> _Exercise prompt_: If pictures are present, leave them out, and copy the data word for word.

> _Input data_:
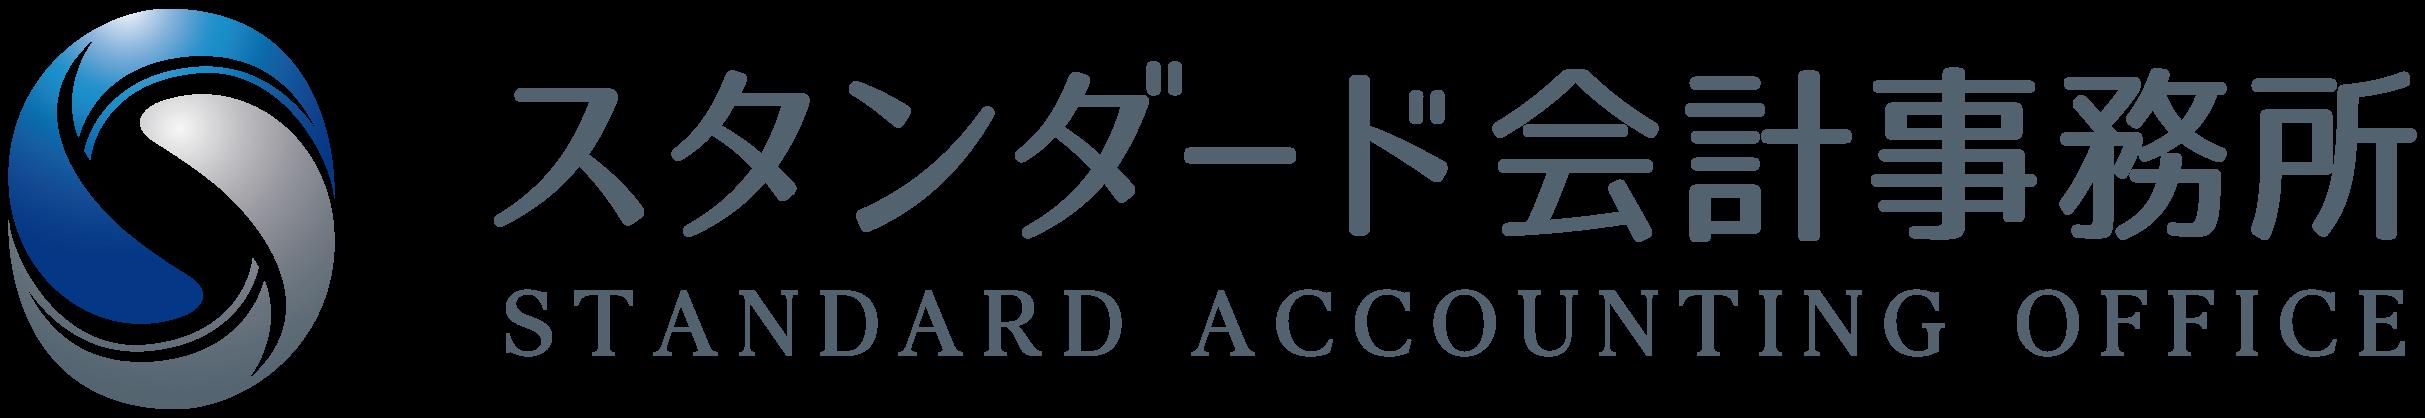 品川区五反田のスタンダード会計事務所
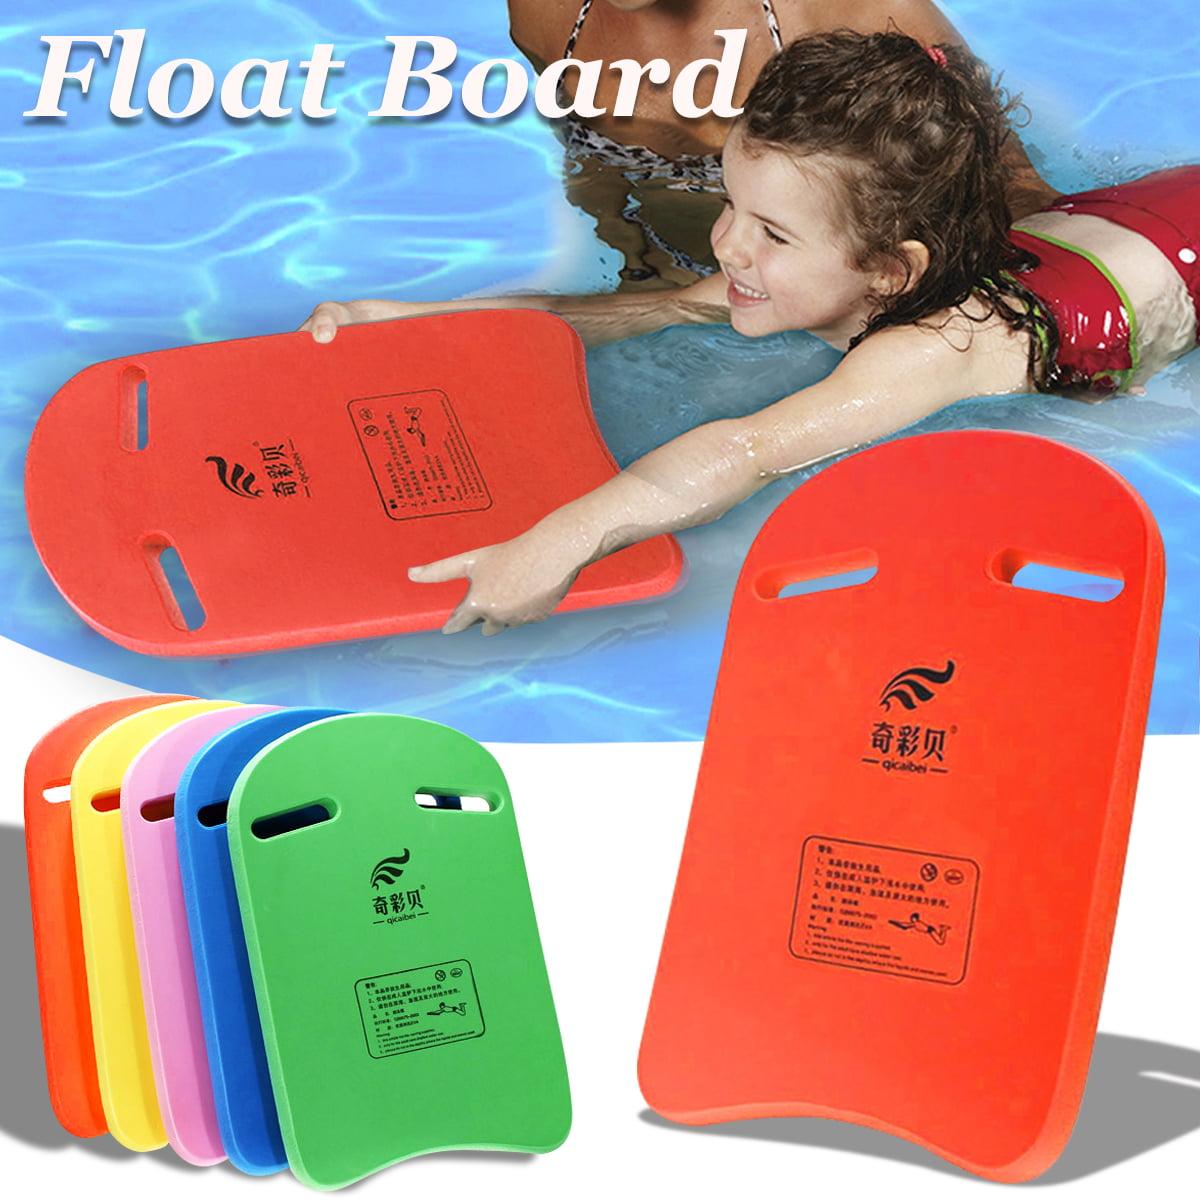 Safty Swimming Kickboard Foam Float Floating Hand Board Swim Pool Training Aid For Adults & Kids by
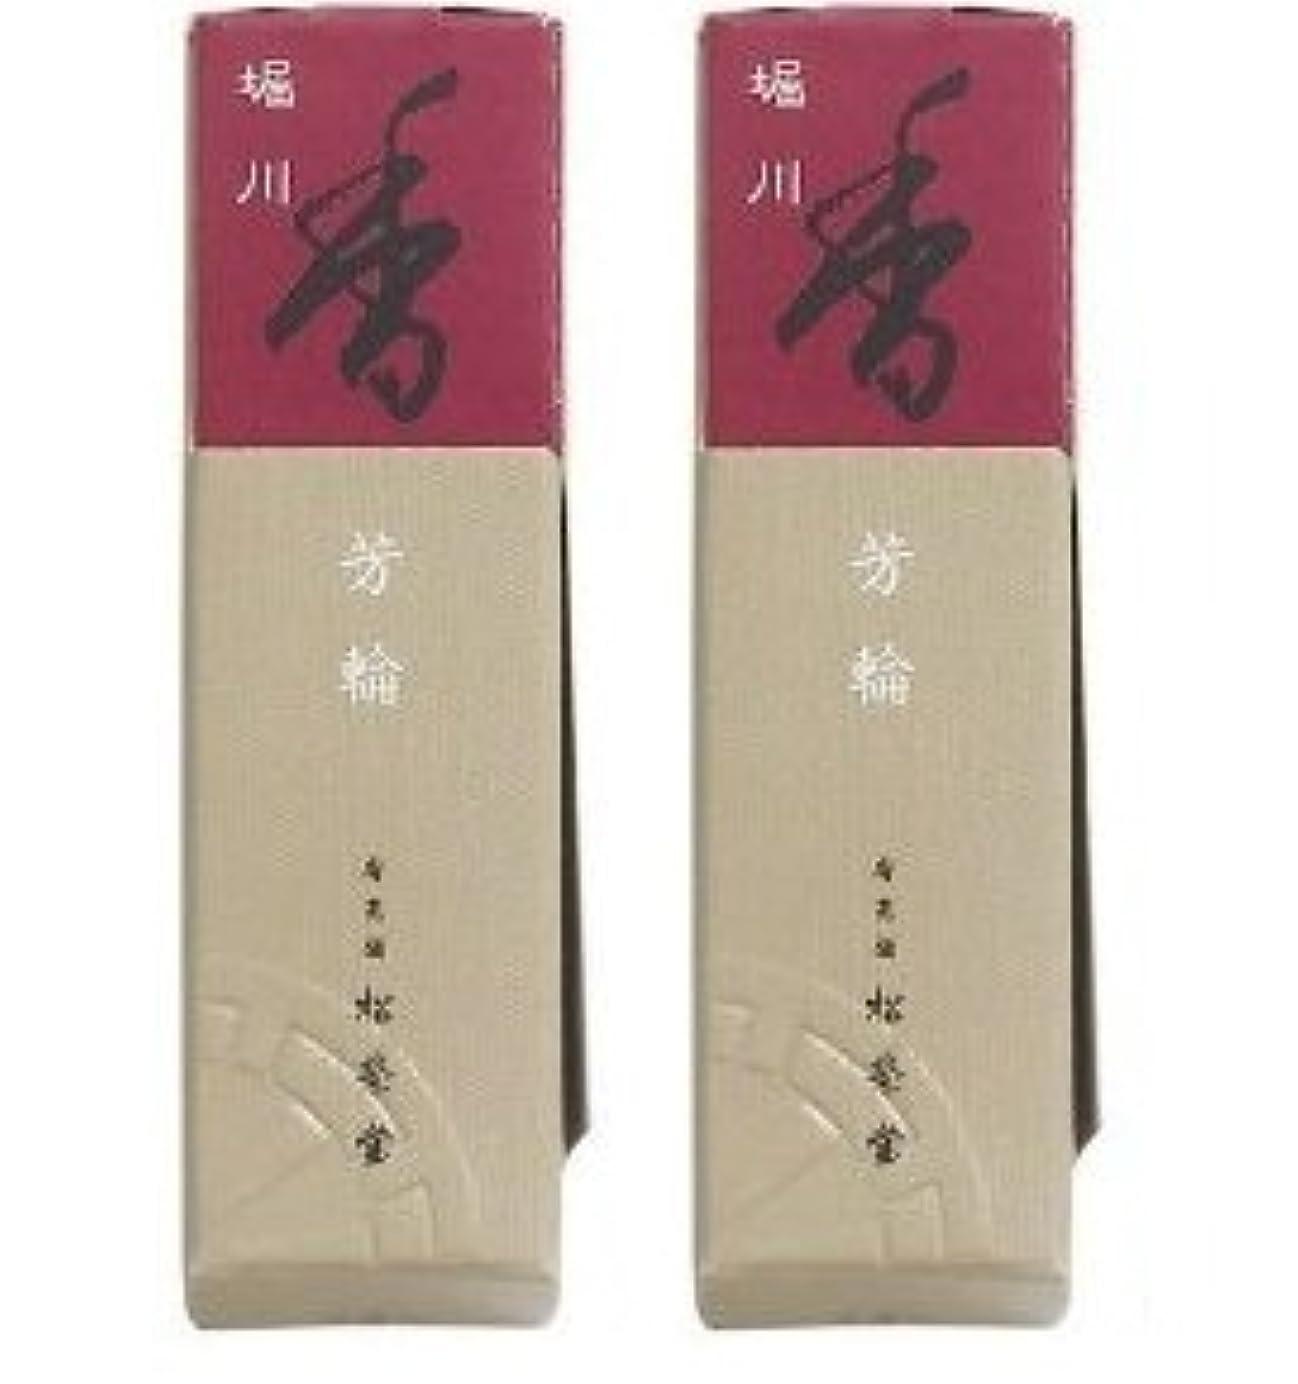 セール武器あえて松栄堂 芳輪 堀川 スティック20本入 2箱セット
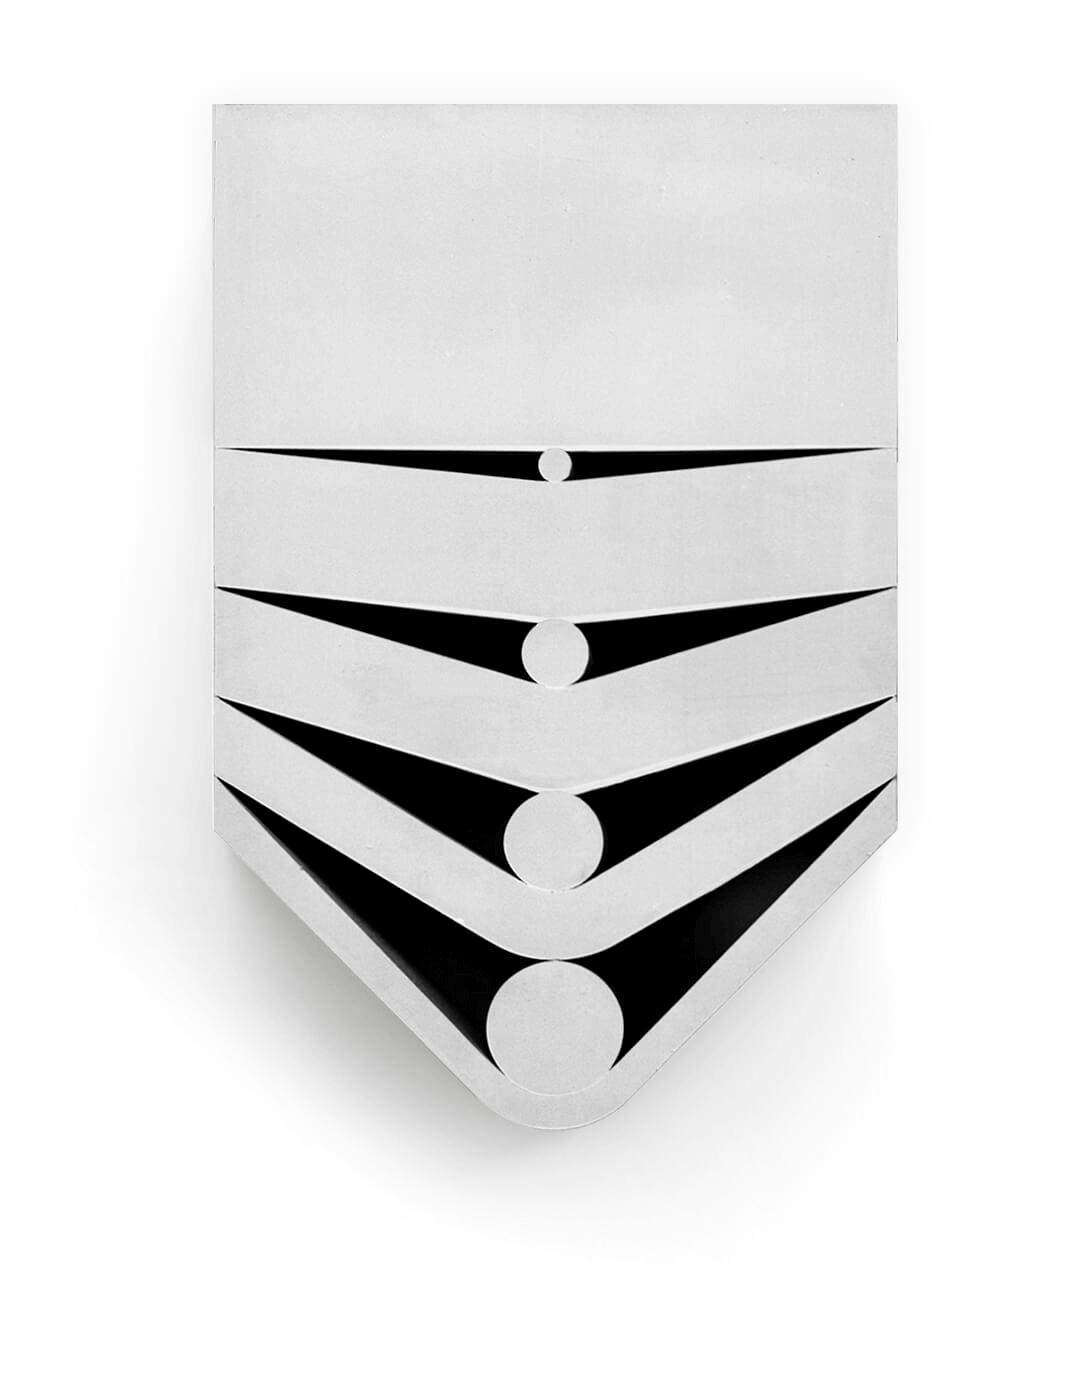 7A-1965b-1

> _Output of the exercise_:
 品川区五反田のスタンダード会計事務所
 Safty Swimming Kickboard Foam Float Floating Hand Board Swim Pool Training Aid For Adults & Kids by
 セール武器あえて松栄堂 芳輪 堀川 スティック20本入 2箱セット
 7A-1965b-1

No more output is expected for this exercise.